INPUT DATA section start

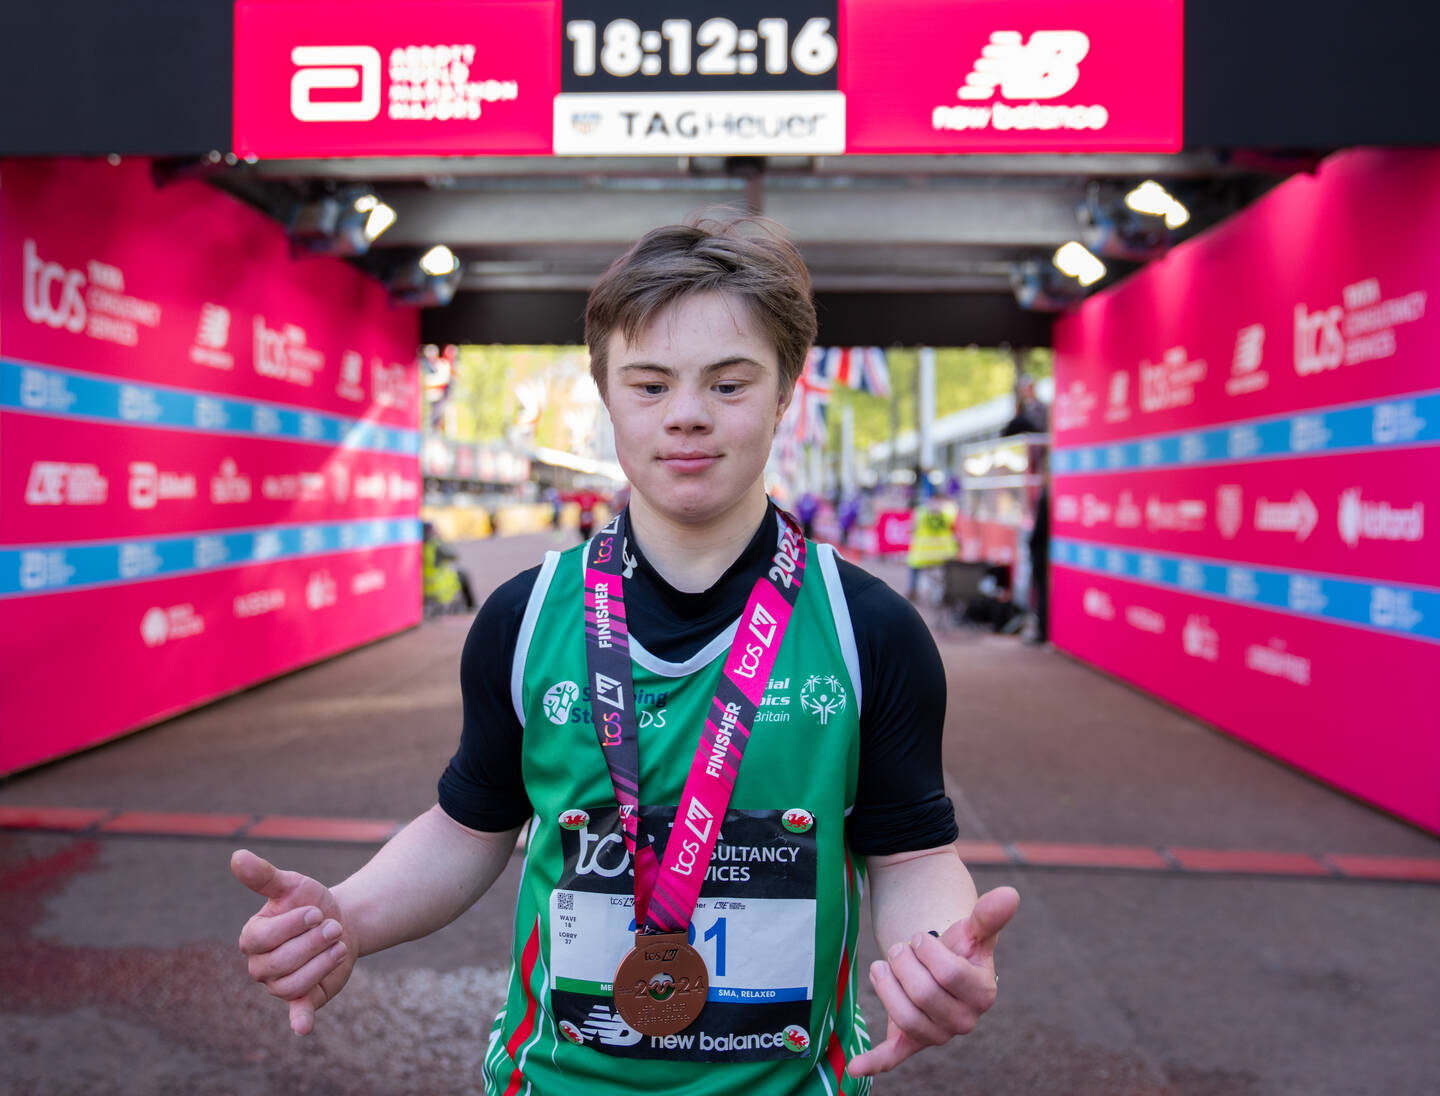 Lloyd Martin, who has downs syndrome, is stood on the finish line of the London Marathon having just completed the race. He is wearing his medal and giving a thumbs up to the camera.
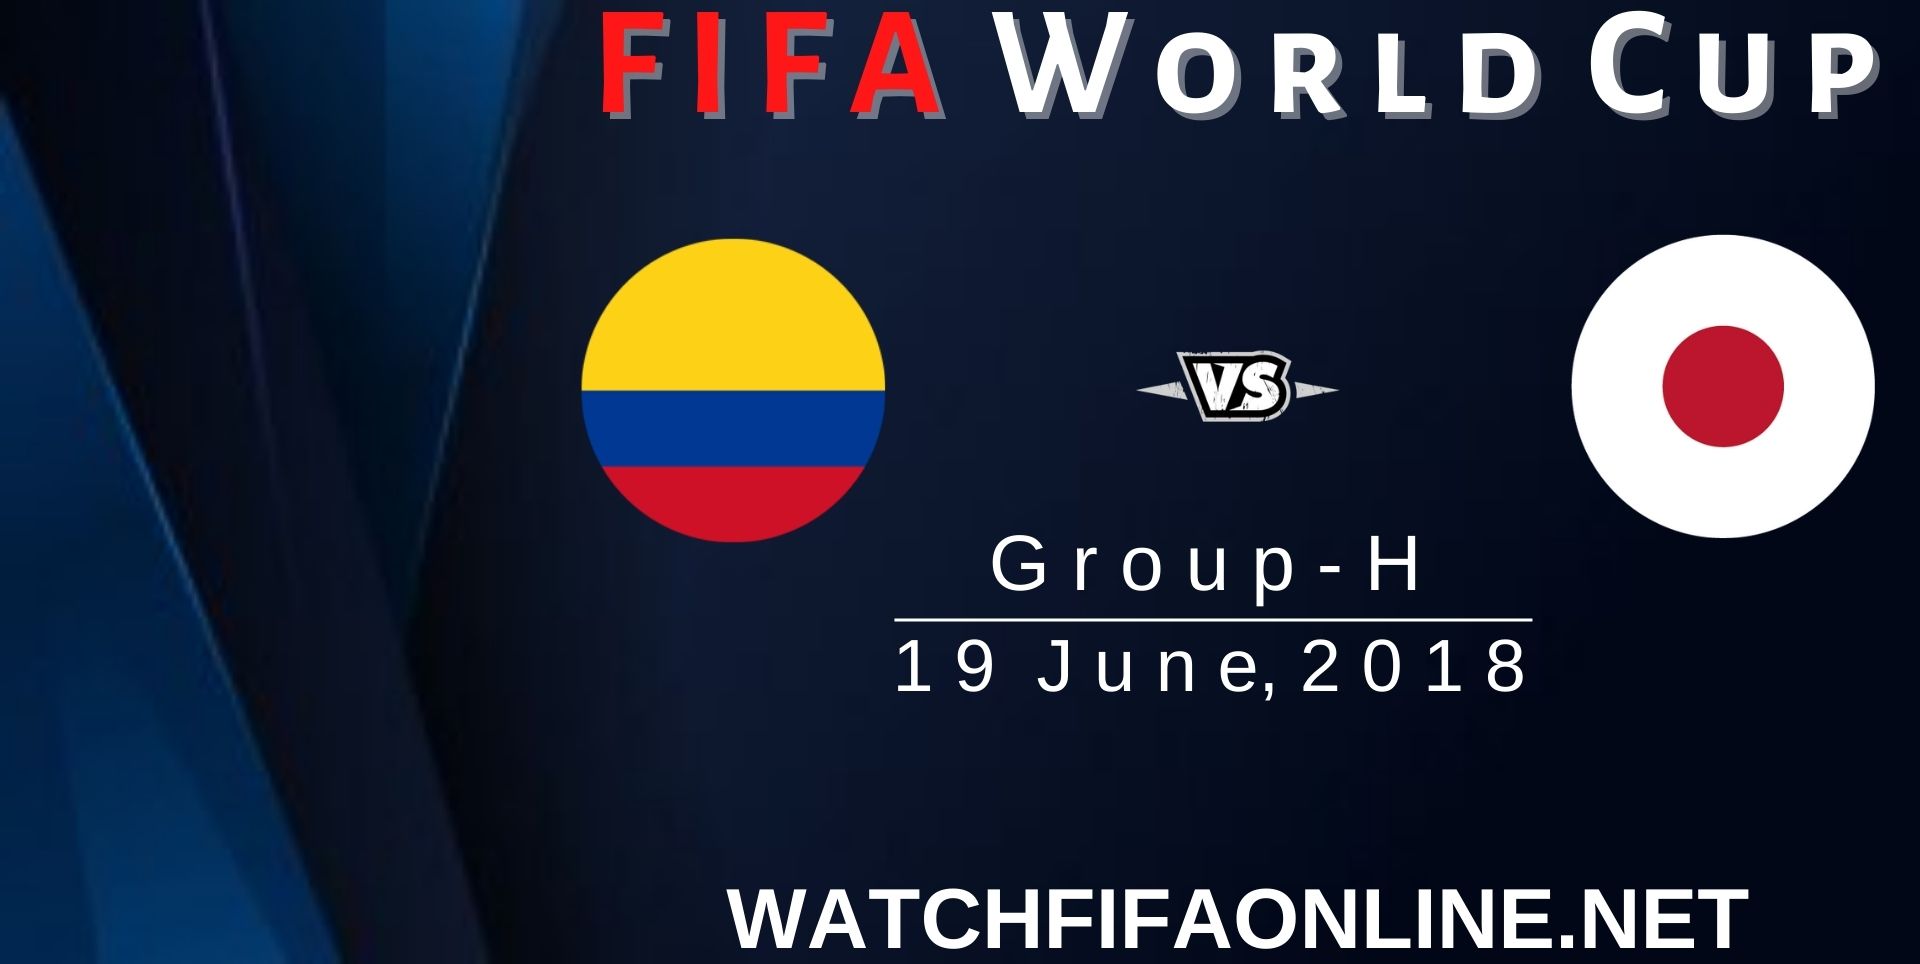 Colombia Vs Japan FIFA World Cup Highlights 2018
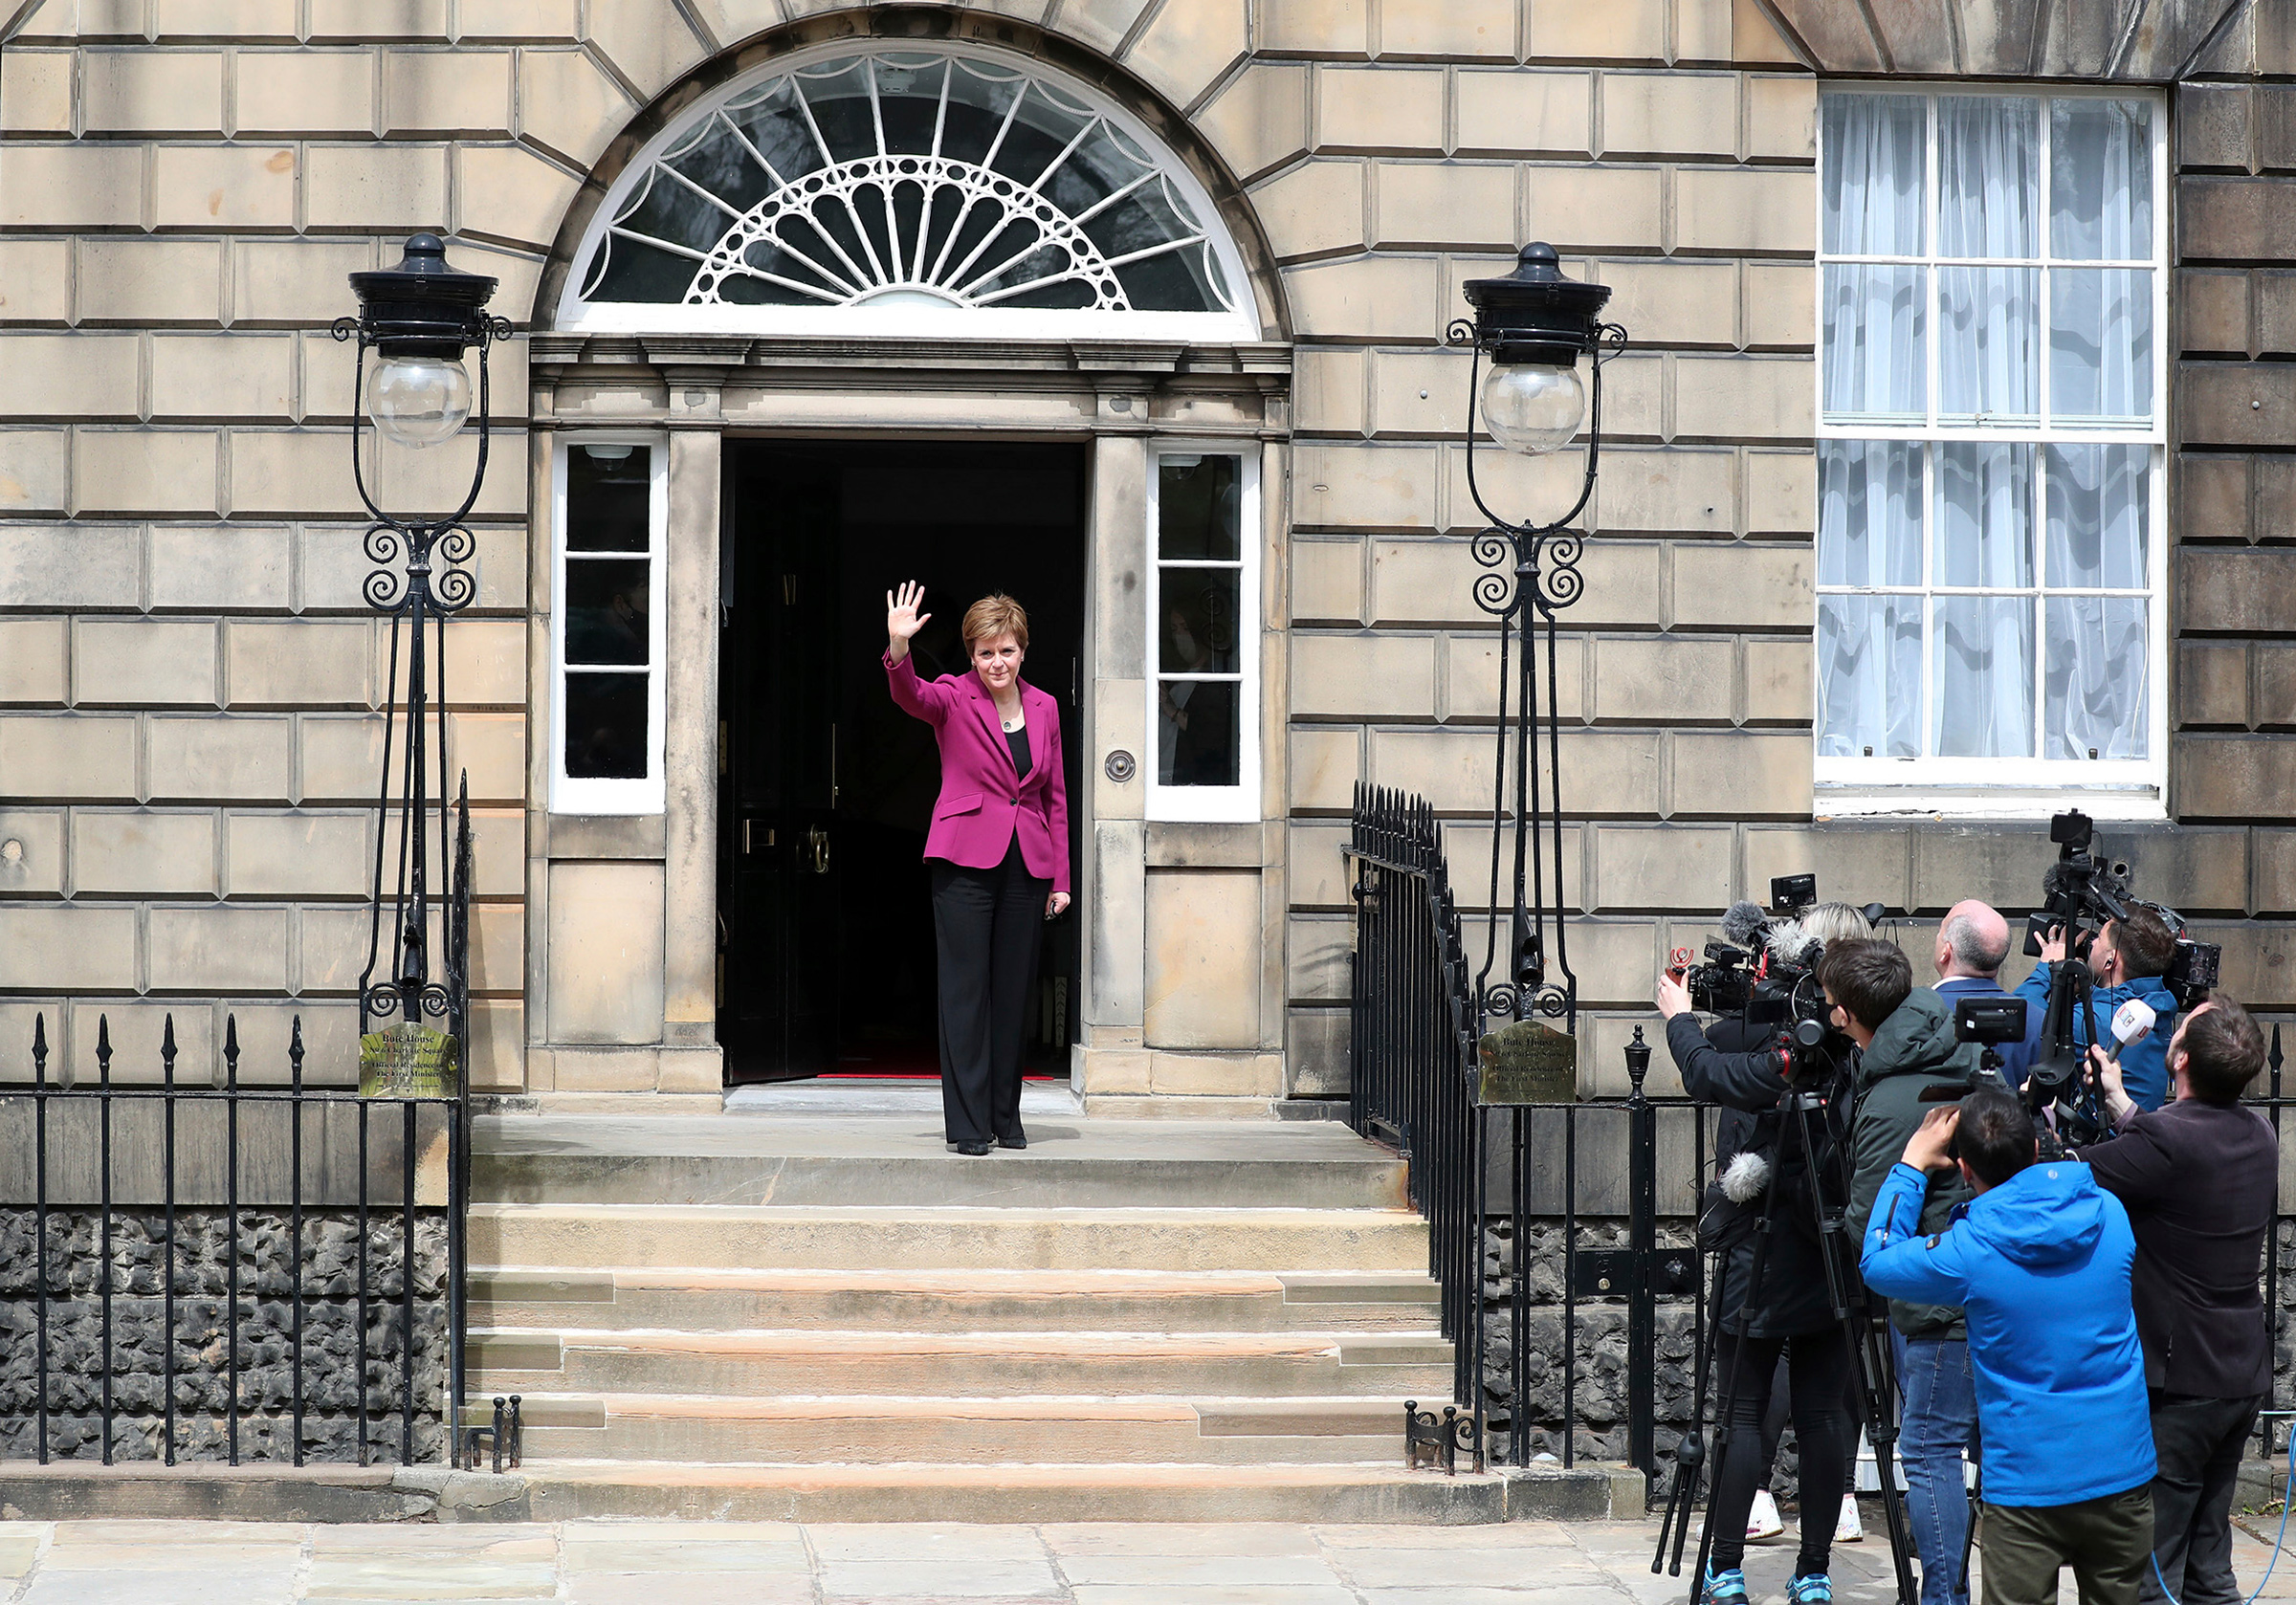 Scotland's First Minister and Scottish National Party leader Nicola Sturgeon poses for photographers at Bute House in Edinburgh on May 9. Sturgeon said the election results proved a second independence vote for Scotland was “the will of the country."

INPUT DATA section end

** WHAT TO DO **
Output exactly the lines from the one that has "Colombia Vs Japan" through the end of the data. Do not include pictures.

** RESULT **
 Colombia Vs Japan FIFA World Cup Highlights 2018
 Scotland's First Minister and Scottish National Party leader Nicola Sturgeon poses for photographers at Bute House in Edinburgh on May 9. Sturgeon said the election results proved a second independence vote for Scotland was “the will of the country."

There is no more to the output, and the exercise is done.